I'd argue this is the correct implementation. It seems like the collector is trying to interpret the type of the env var value and injecting a string representation of the interpreted type. If this is indeed the case, I'm not sure what the advantage of this could be.
It seems like the collector is trying to interpret the type of the env var value and injecting a string representation of the interpreted type. If this is indeed the case, I'm not sure what the advantage of this could be.
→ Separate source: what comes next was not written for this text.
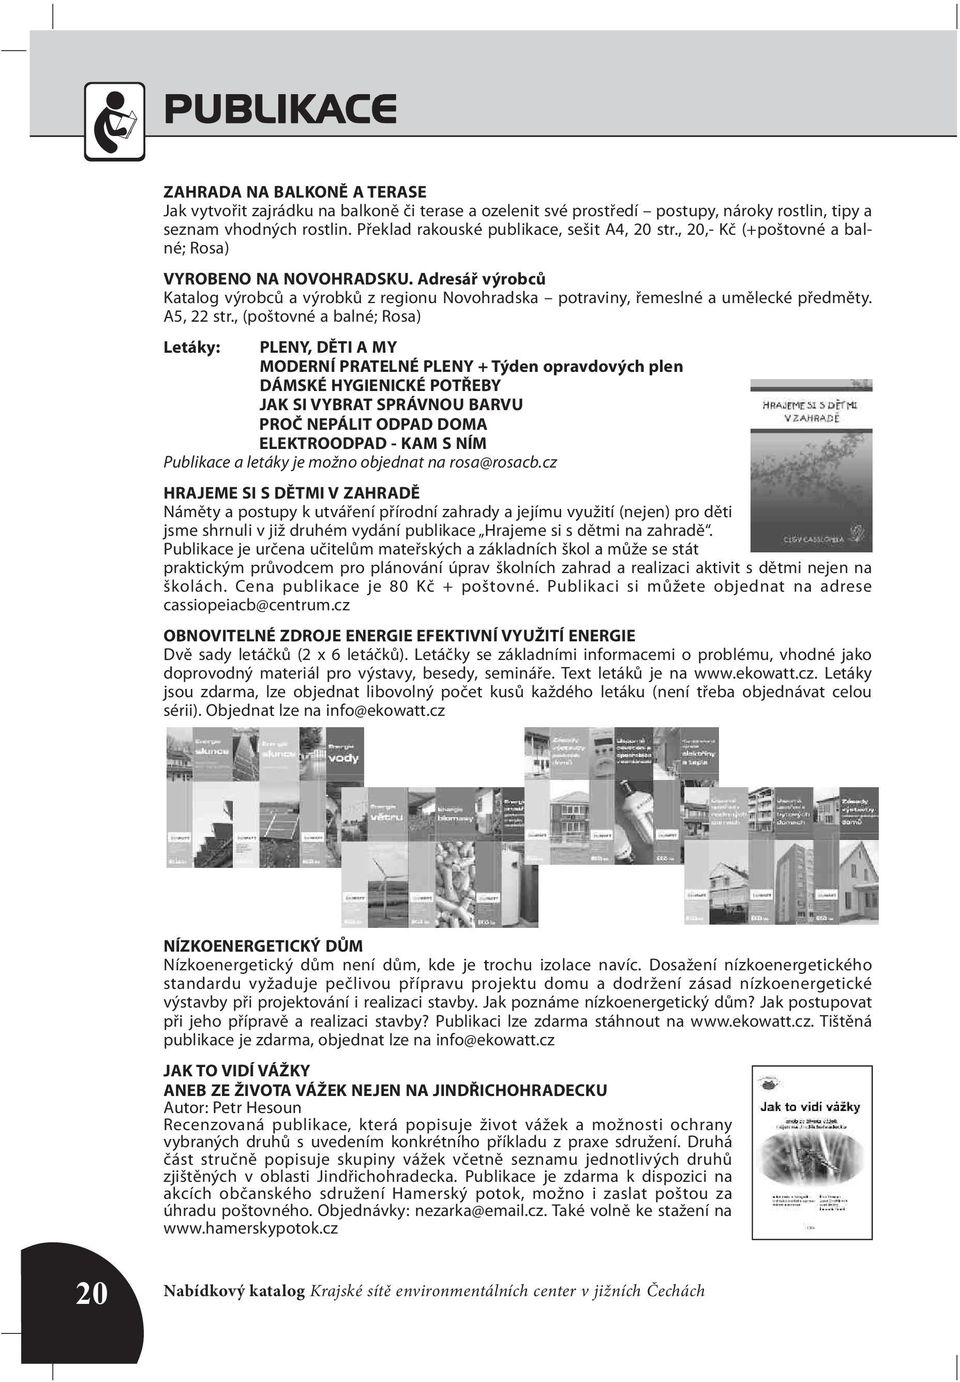 Adresář výrobců Katalog výrobců a výrobků z regionu Novohradska potraviny, řemeslné a umělecké předměty. A5, 22 str.

Oh, it's (better|worse) than that. It's not injecting a string representation of the interpreted type, it is evaluating the contents of the environment variable as a YAML document and injecting the resulting value in the place where the placeholder had been, potentially as a structure in its own right. This is wonderful if you want to have entire chunks of your configuration injected from environment variables. Not so much when you need to ensure a value is treated as a string.
I need more time to catch up with this discussion, but I think the particular case Anthony is referring to is problematic for the Collector since the attributes processor has an any type in this field, which doesn't play nicely when you want to have a particular type. I am honestly not sure what the spec would say in this particular situation.
Also note that the Collector does not do this exactly
it is evaluating the contents of the environment variable as a YAML document and injecting the resulting value in the place where the placeholder had been, potentially as a structure in its own right.
Depending on the value, it may instead be keeping two possible representations of the value: both a string and the result of unmarshaling said string into an any type, and then use the target type to decide which one of the two representations to use. This is not exactly what the spec says but I (incorrectly?) assumed it would lead to the same behavior.
As I said, I'll catch up and give a proper reply here once I have done so.